**Provided material:**
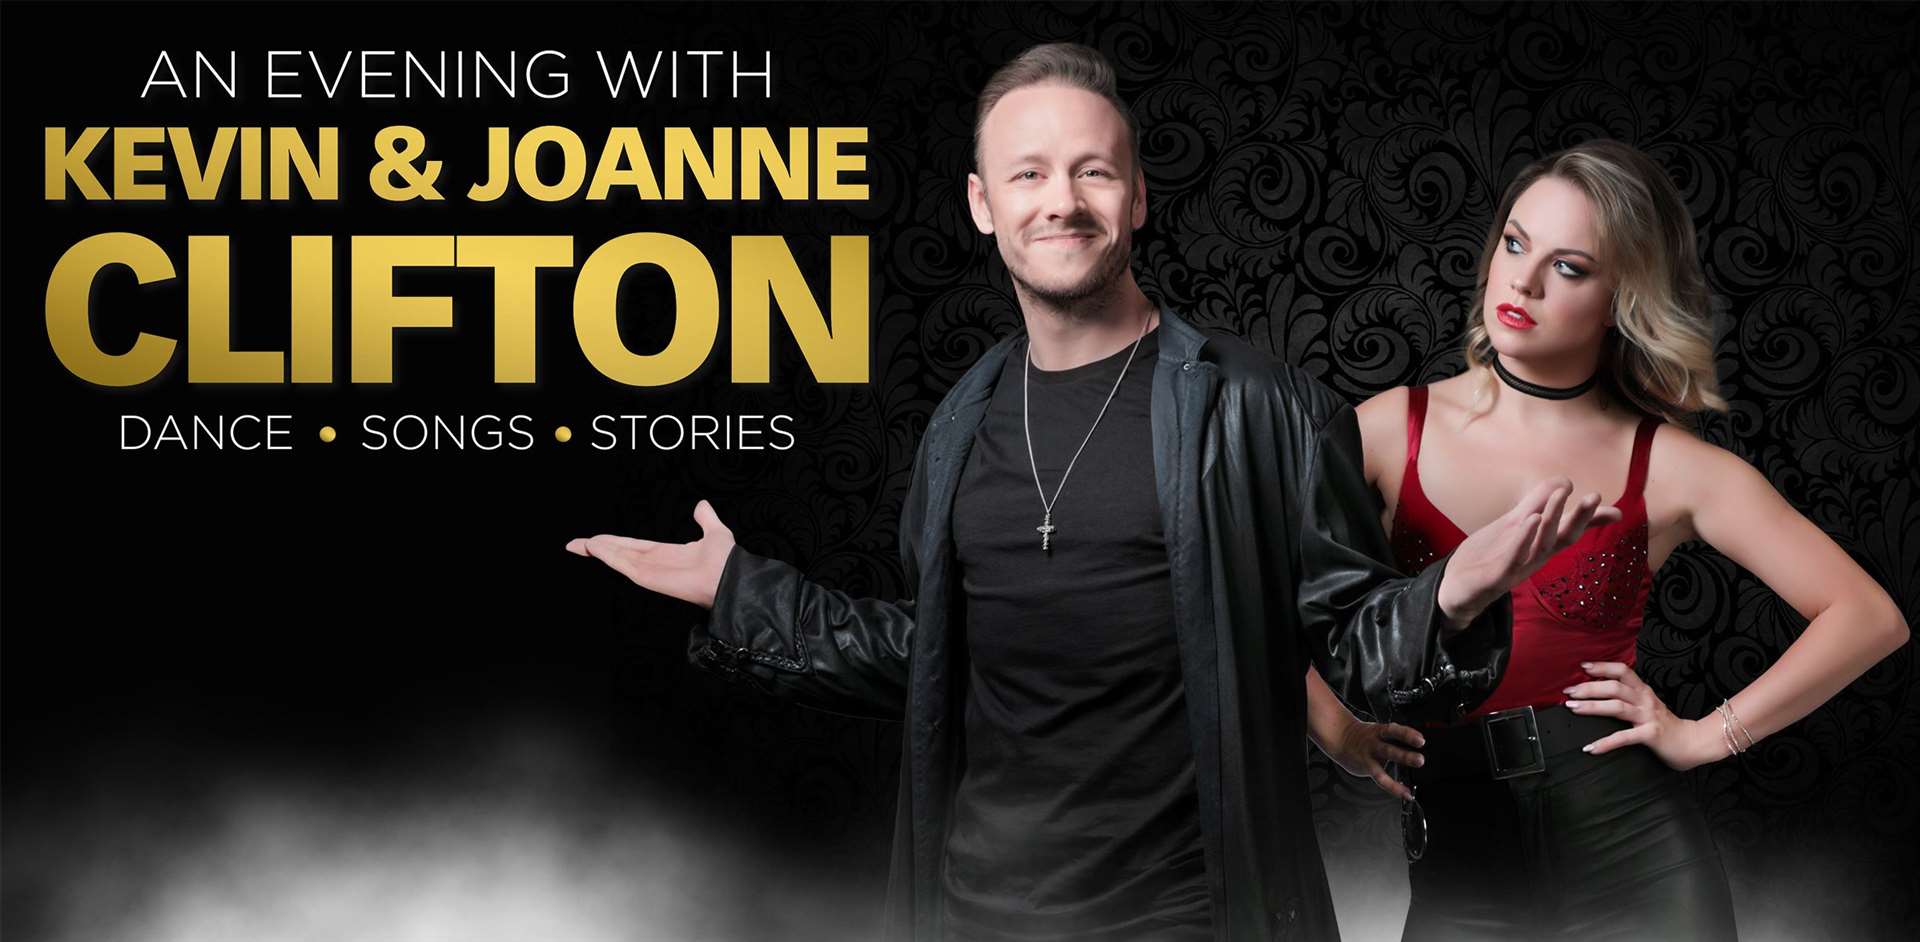 An Evening with Kevin and Joanne Clifton is coming to Tunbridge Wells
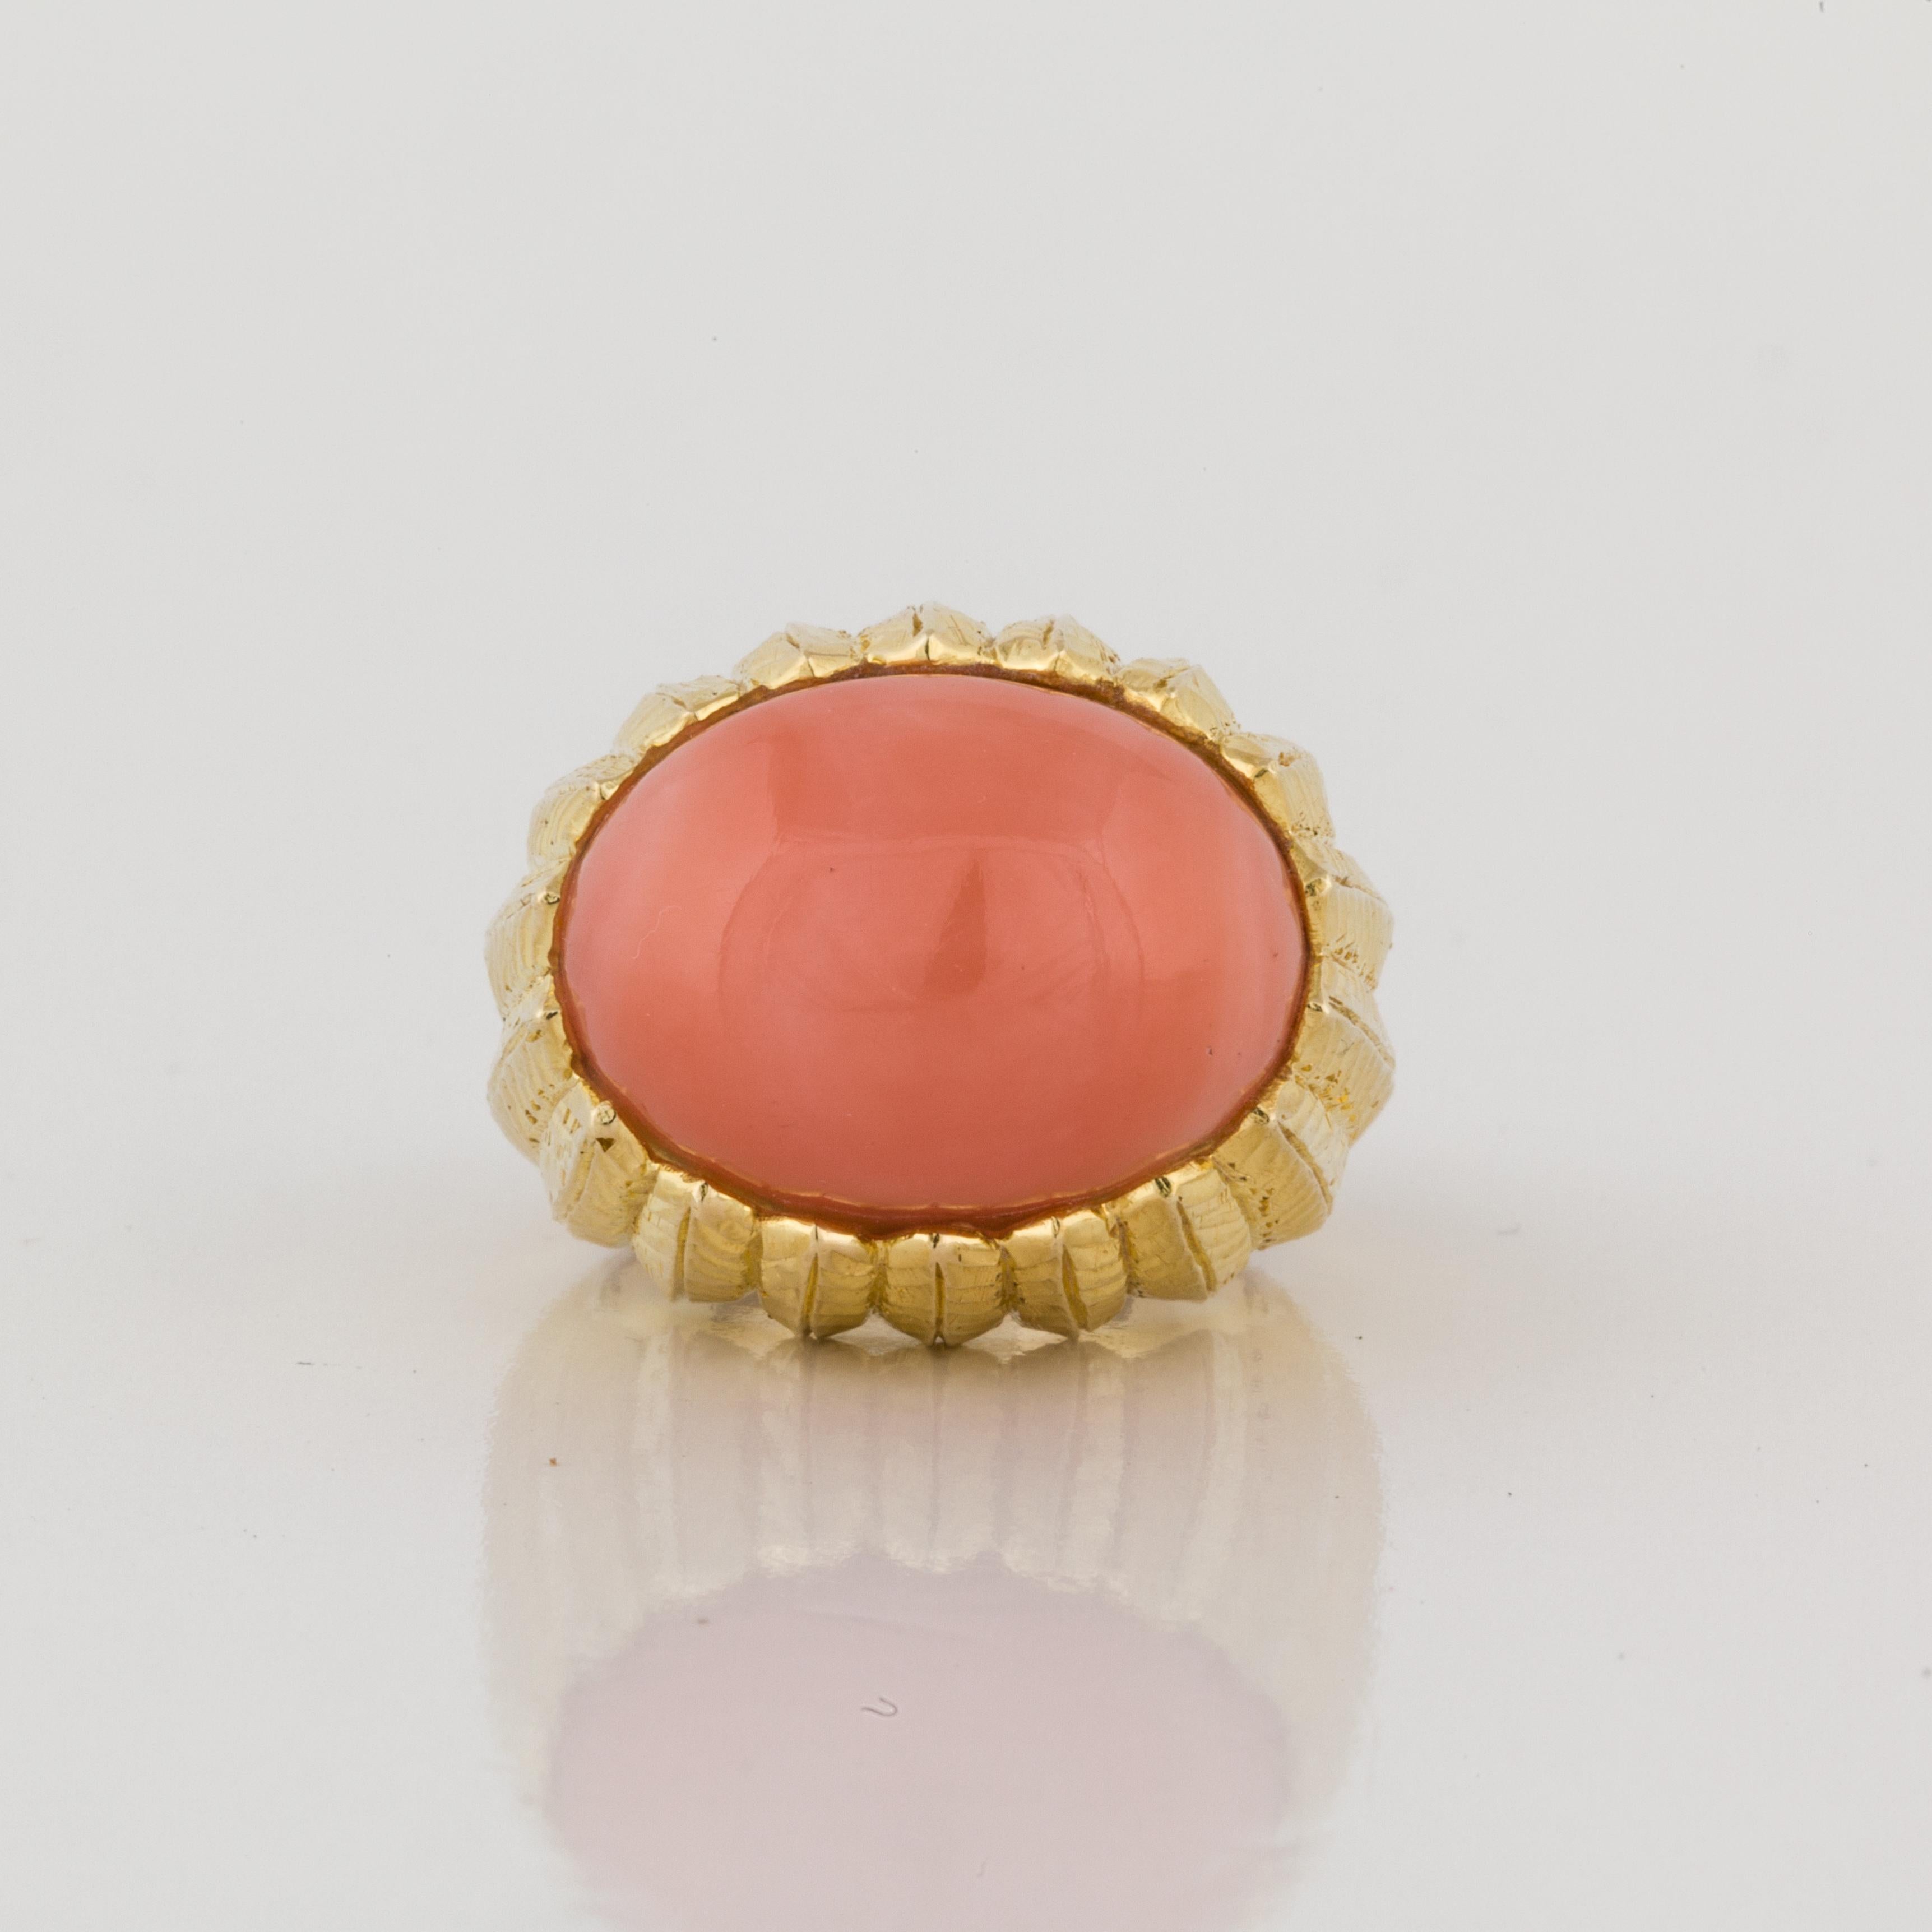 18K hand chased gold ring featuring an oval cabochon coral.  Measures 7/8 inches long by 3/4 inches wide and stands 5/8 inches off the finger.
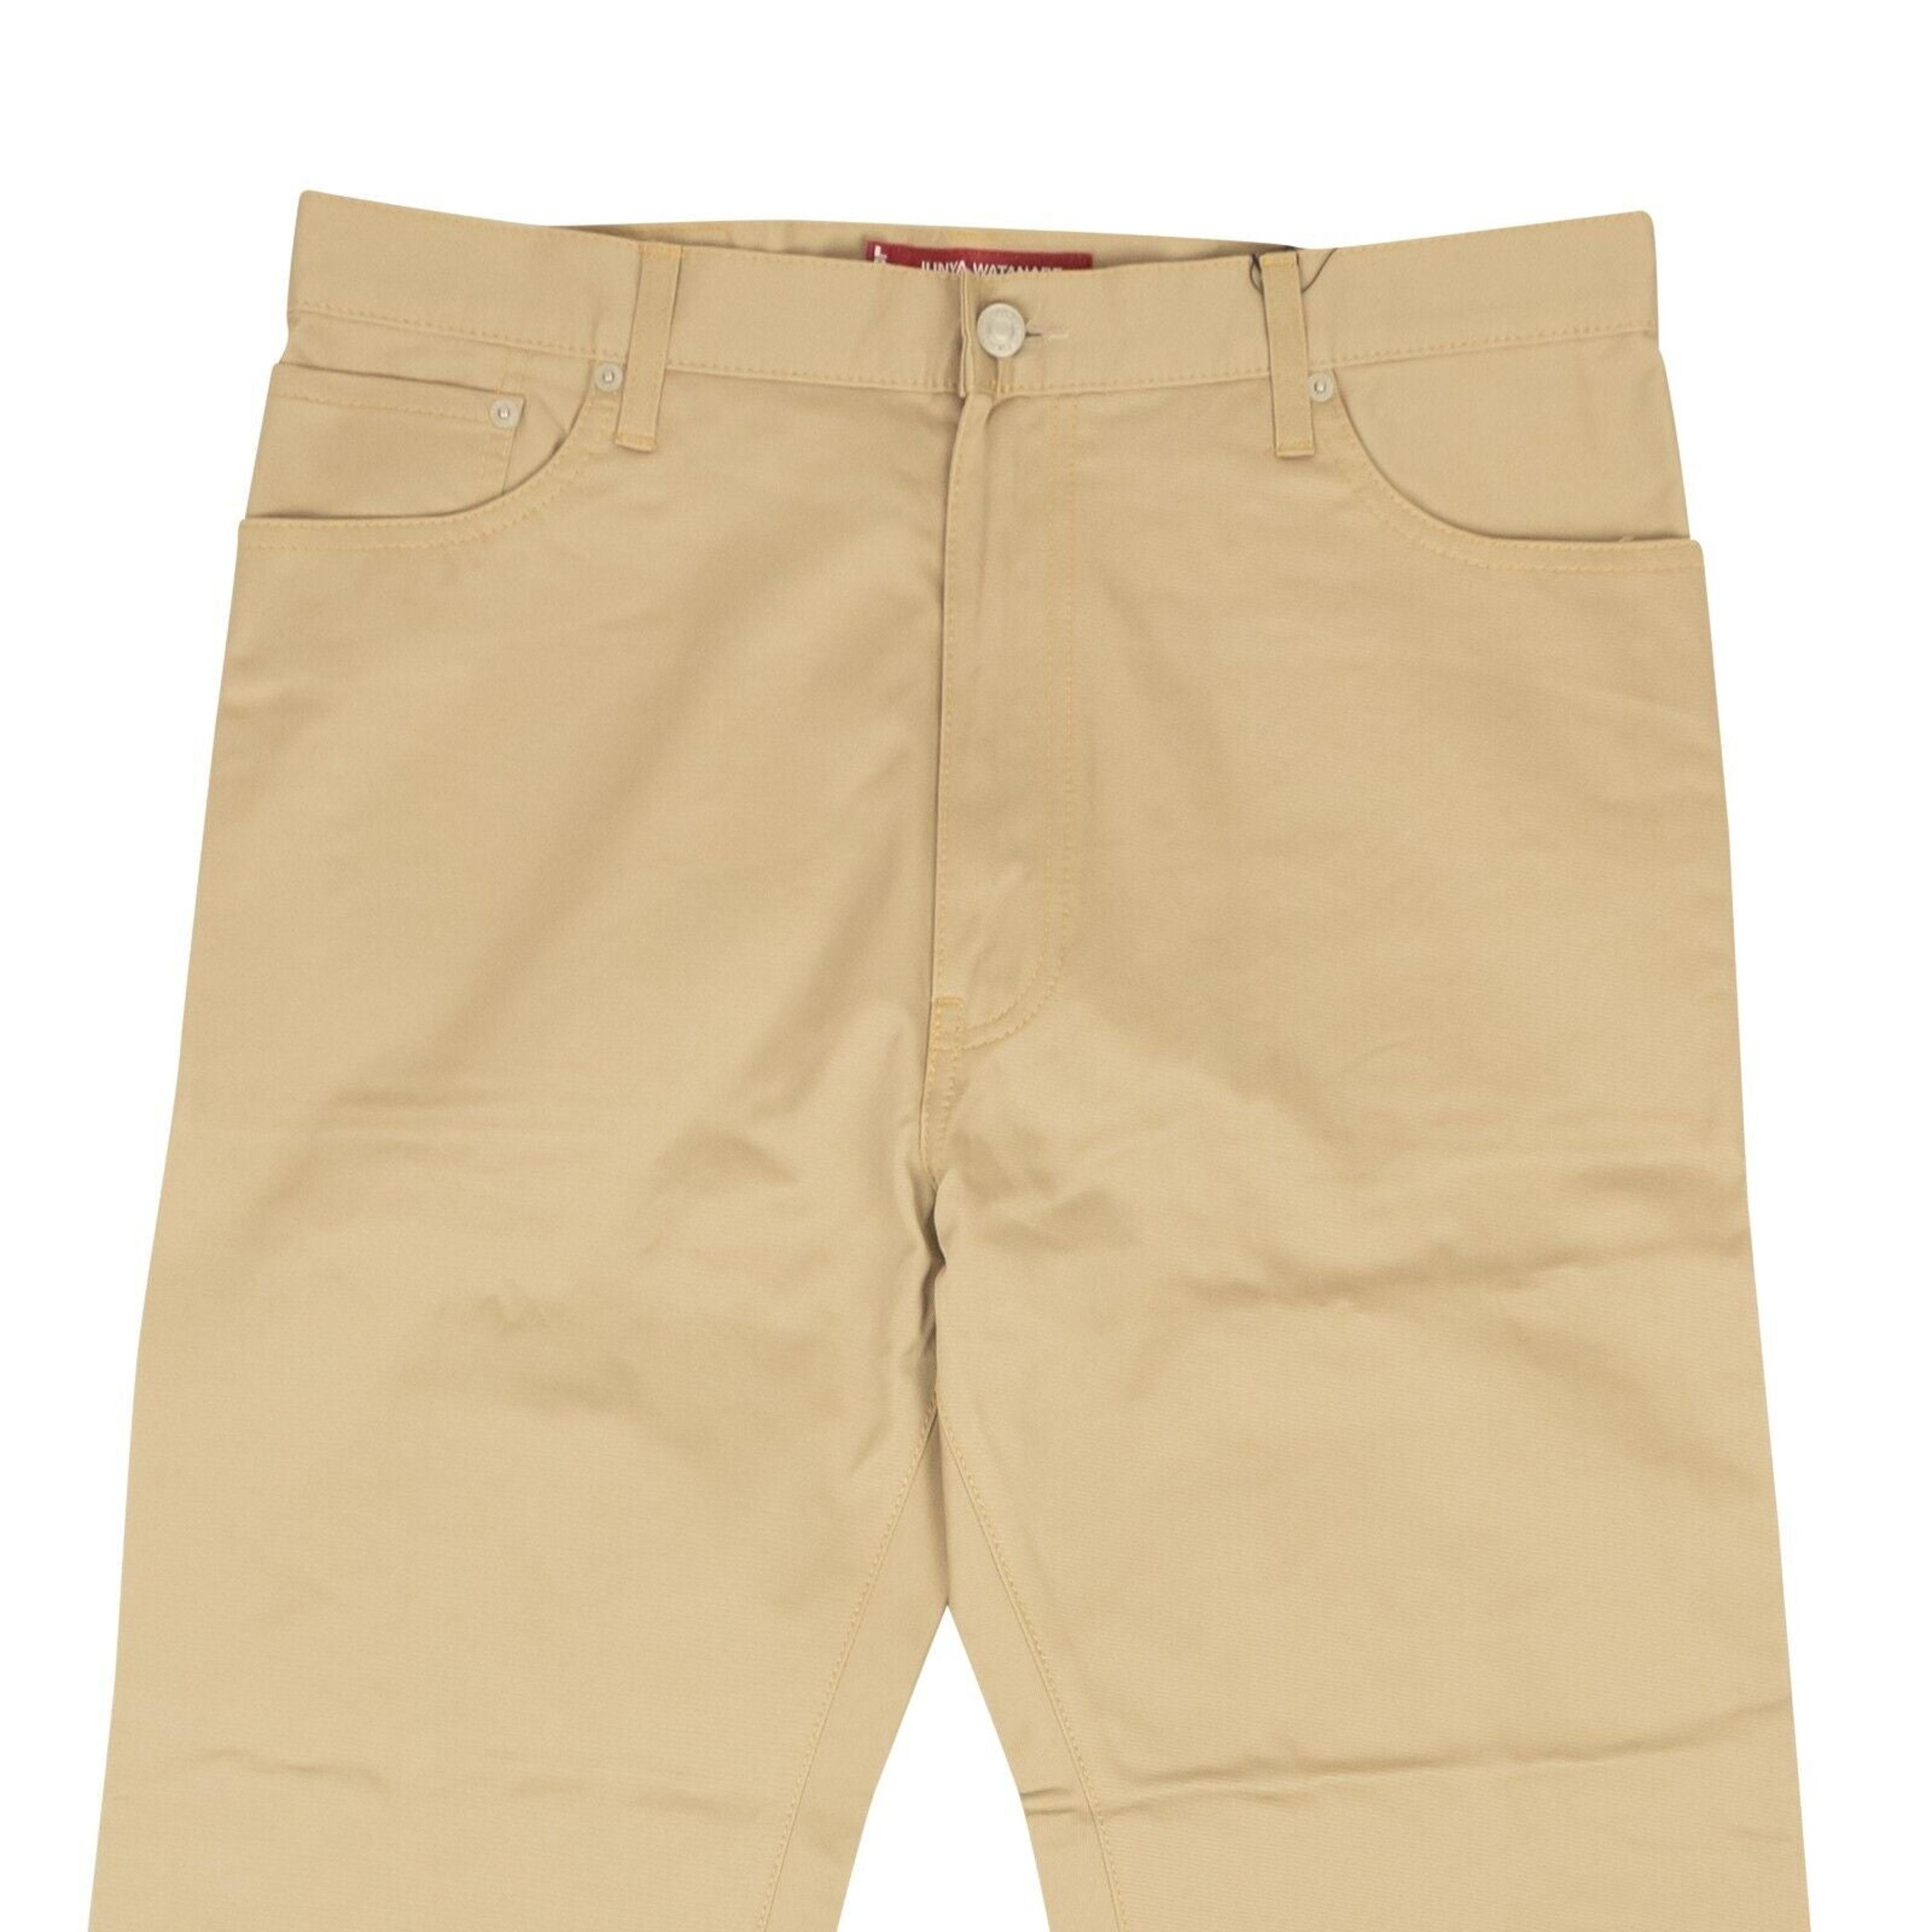 Alternate View 1 of x Levis Beige Cotton Chino Pants

**Requirement:**
Quote in full the listing given above; the images are to be left out.

**Response area:**
 An Evening with Kevin and Joanne Clifton is coming to Tunbridge Wells
 18K hand chased gold ring featuring an oval cabochon coral.  Measures 7/8 inches long by 3/4 inches wide and stands 5/8 inches off the finger.
 Alternate View 1 of x Levis Beige Cotton Chino Pants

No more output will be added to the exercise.